Another realisation that struck me is that when our men finally pluck up the courage to speak to us, and be vulnerable, I’m not sure our (my) reaction has always been helpful. My husband has unwaveringly supported me through several periods of mental ill health. But, if I’m completely honest, I’m not sure how I would react if he came down with a bout of anxiety and depression himself.
Women struggle with male vulnerability
I have a horrible feeling that part of me would struggle with it, even though intellectually I understand that we need to give our men permission to be vulnerable. I’m not alone. Social researcher Brené Brown has found this to be a common thread with women; that when men express vulnerability, women often react with discomfort, fear or even rejection.

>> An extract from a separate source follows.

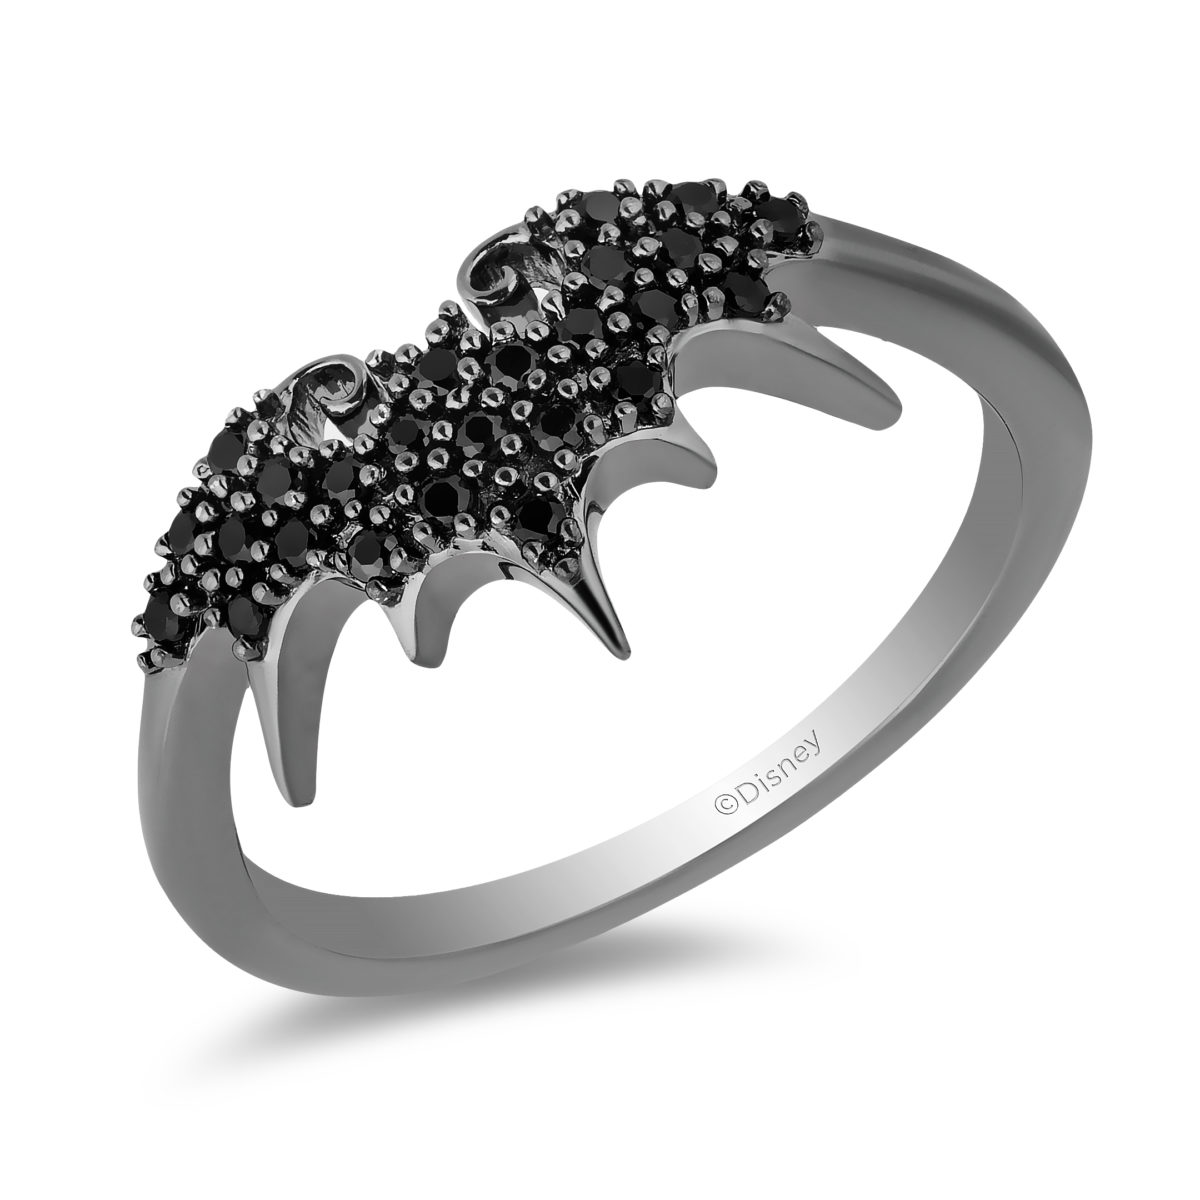 SHOP New "The Nightmare Before Christmas" Collection from Kay Jewelers

Of course these, often unconscious, responses are explainable with Brown largely putting them down to social conditioning, societal expectations and the fact women already do the majority of the emotional labour, so worry a man’s vulnerability will lead to more.
Regardless of the reasons, it’s incumbent on us – the people who care about the men in our lives and workplaces – to find better ways to deal with our biases.
Saving face; avoiding shame
A friend of mine who is a counsellor says the vast majority of her clients are male, in middle age and suffering from loneliness. Their main fear of opening up to others is that they will ‘be seen as weak and then mollycoddled, the thought of which they cannot abide’. For some, this itself is such a painful outcome that they would rather avoid the shame of it via suicide.
She suggests that one thing we can do is what we often plead for men to do with us as women; just listen, don’t try and fix or – crucially – don’t judge.
And don’t, whatever you do, look at them with pity.
Saving face is crucial for men – especially in front of their loved ones and people they respect. If we want them to drop the mask, we must help them feel safe to do so — not exposed, not belittled, not broken. Because when that mask goes back on, that’s when the real trouble begins.